[Information provided]
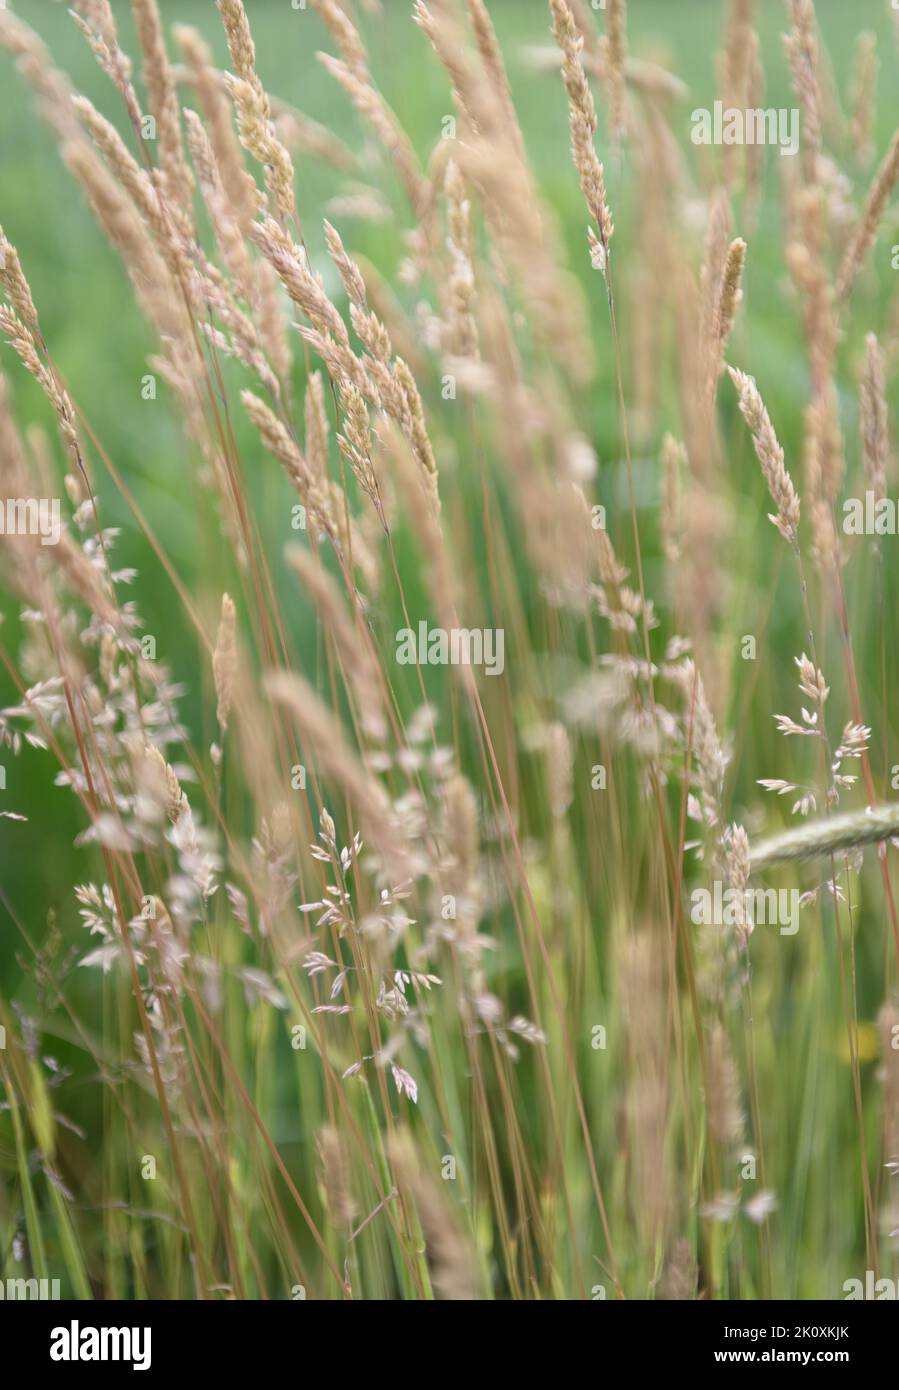 Field of grass in the countryside, natural wallpaper or background with selective focus Stock Photo
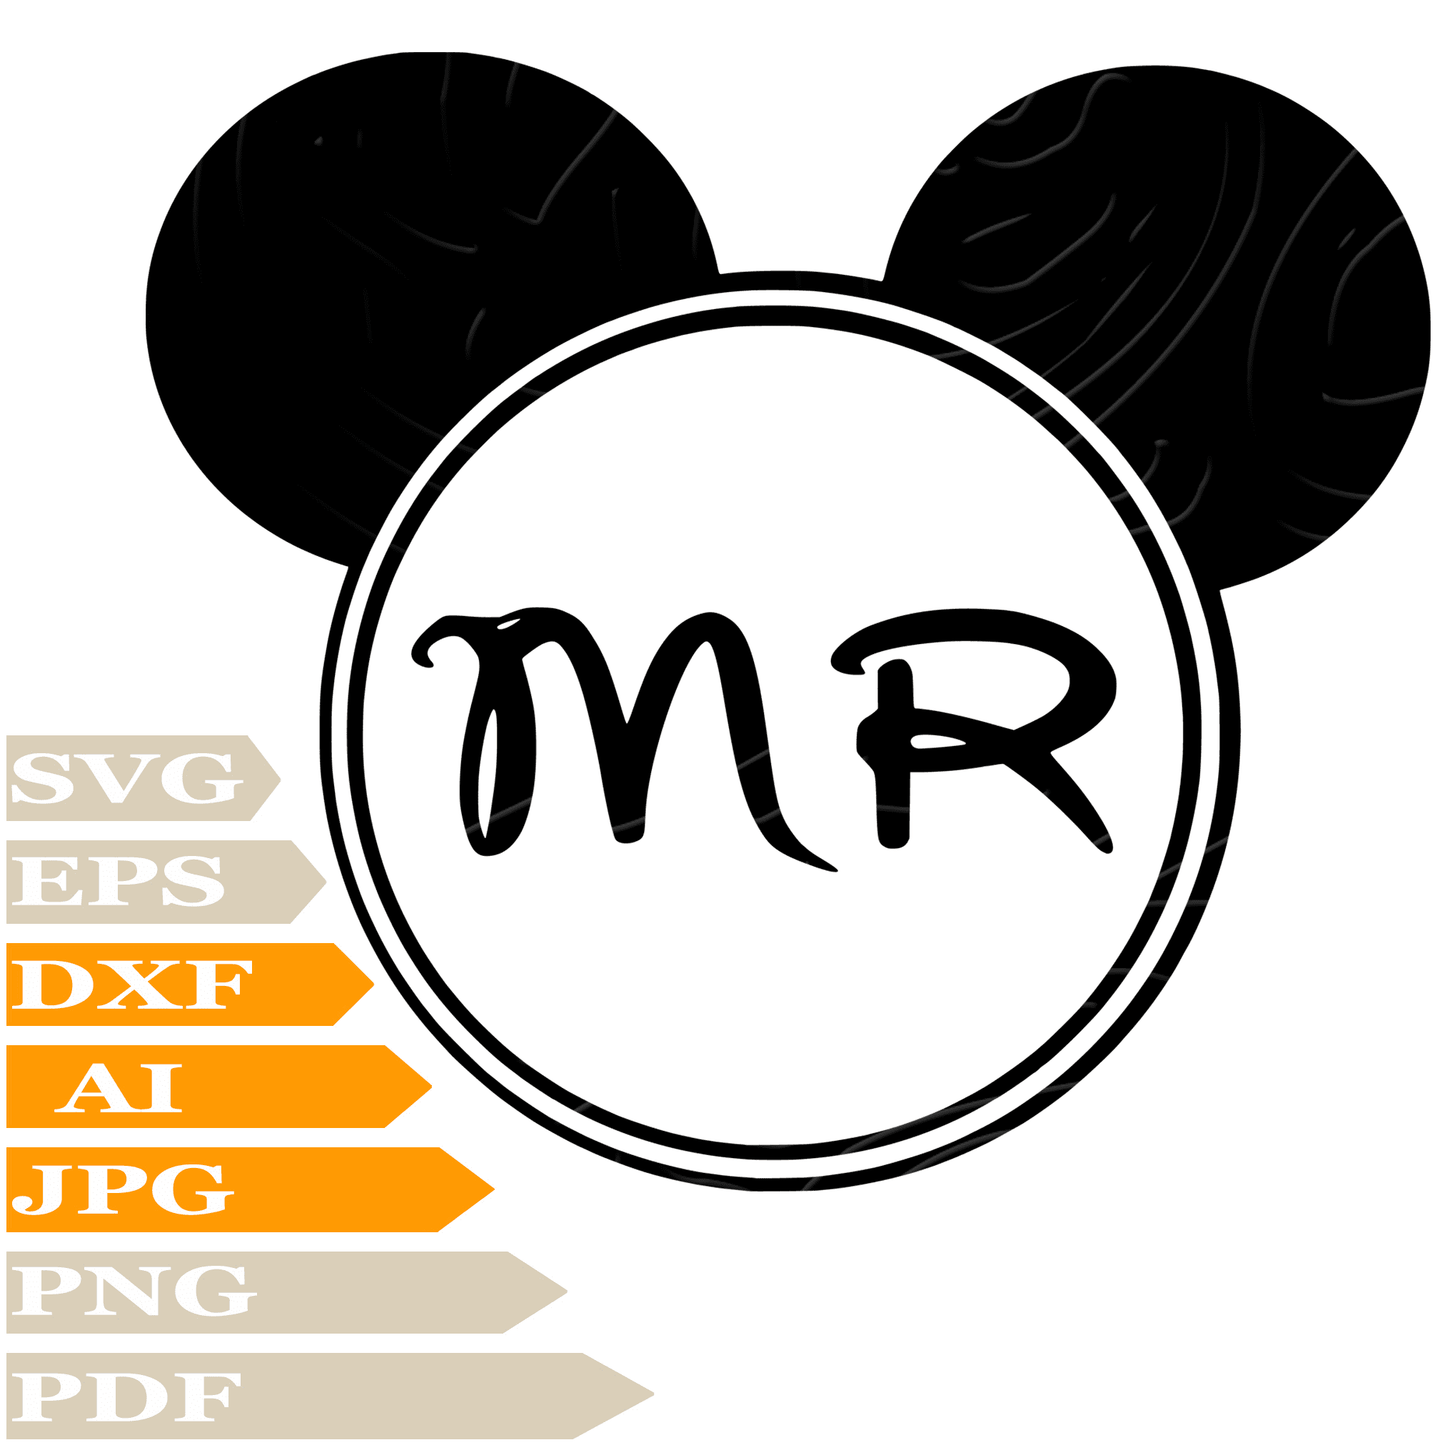 Mickey SVG File-Mickey Mause Personalized SVG-Mickey Mause M.R Drawing SVG-Mickey Mause Vector ClipArt's-SVG Cut Files-Illustration-PNG-Decal-Circuit-Digital Files-For Shirts-Silhouette
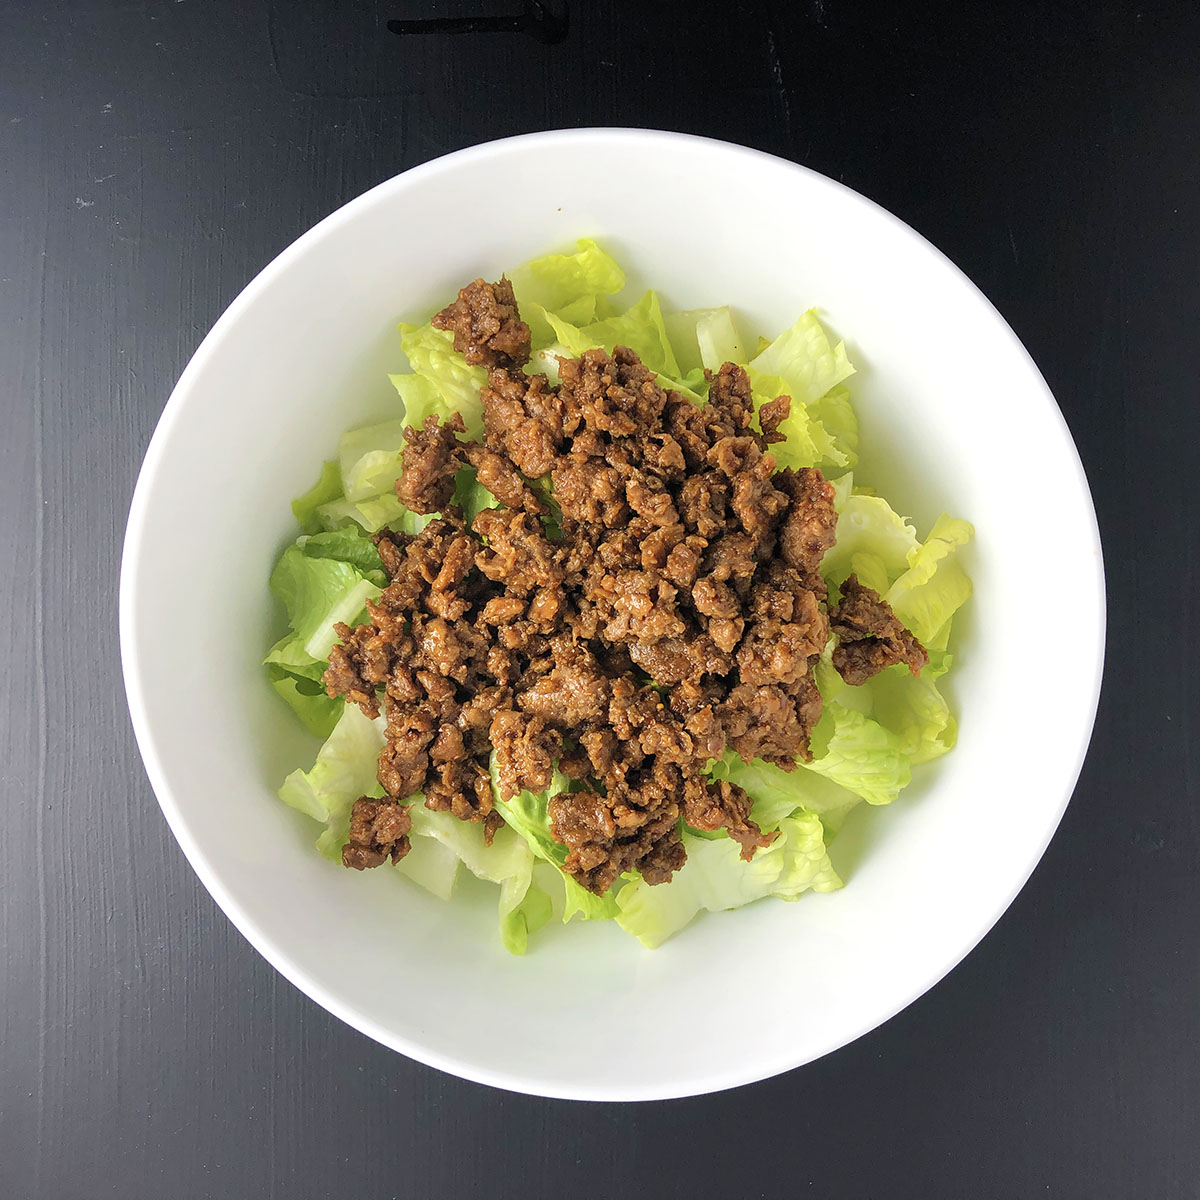 Top-down shot of chopped romaine lettuce and Beyond Beef Taco meat mix in a white bowl, against a black background. Prep step number 2 for making Beyond Beef Taco Salad
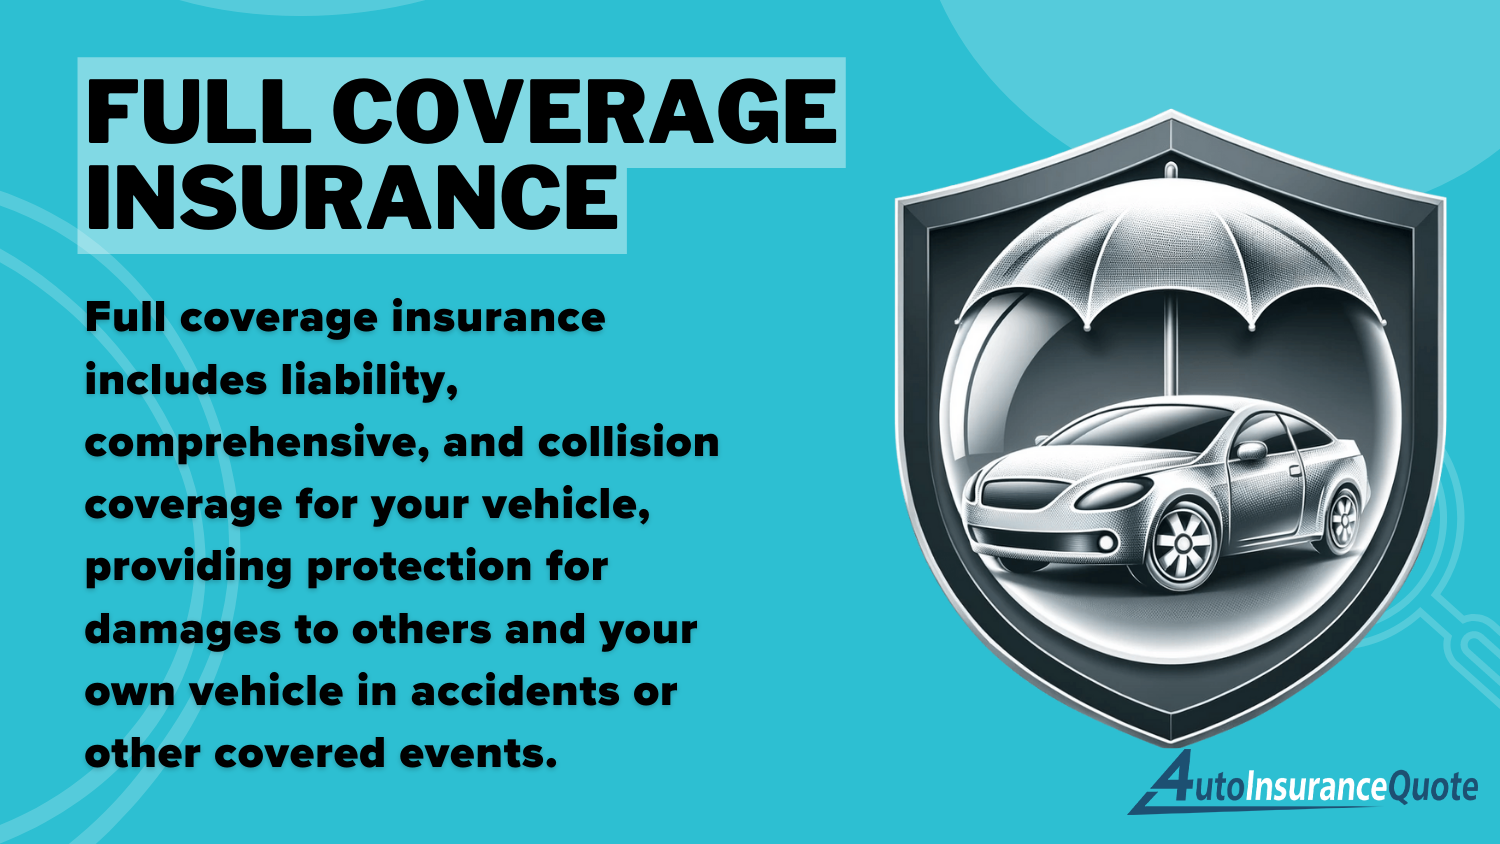 Does auto insurance cover damage from fallen power line?: Full Coverage Insurance Definition Card

[Directions for this task] Could you return the whole listing exactly, with every picture removed?

[Response]
 Field of grass in the countryside, natural wallpaper or background with selective focus Stock Photo
 Mickey SVG File-Mickey Mause Personalized SVG-Mickey Mause M.R Drawing SVG-Mickey Mause Vector ClipArt's-SVG Cut Files-Illustration-PNG-Decal-Circuit-Digital Files-For Shirts-Silhouette
 Top-down shot of chopped romaine lettuce and Beyond Beef Taco meat mix in a white bowl, against a black background. Prep step number 2 for making Beyond Beef Taco Salad
 Does auto insurance cover damage from fallen power line?: Full Coverage Insurance Definition Card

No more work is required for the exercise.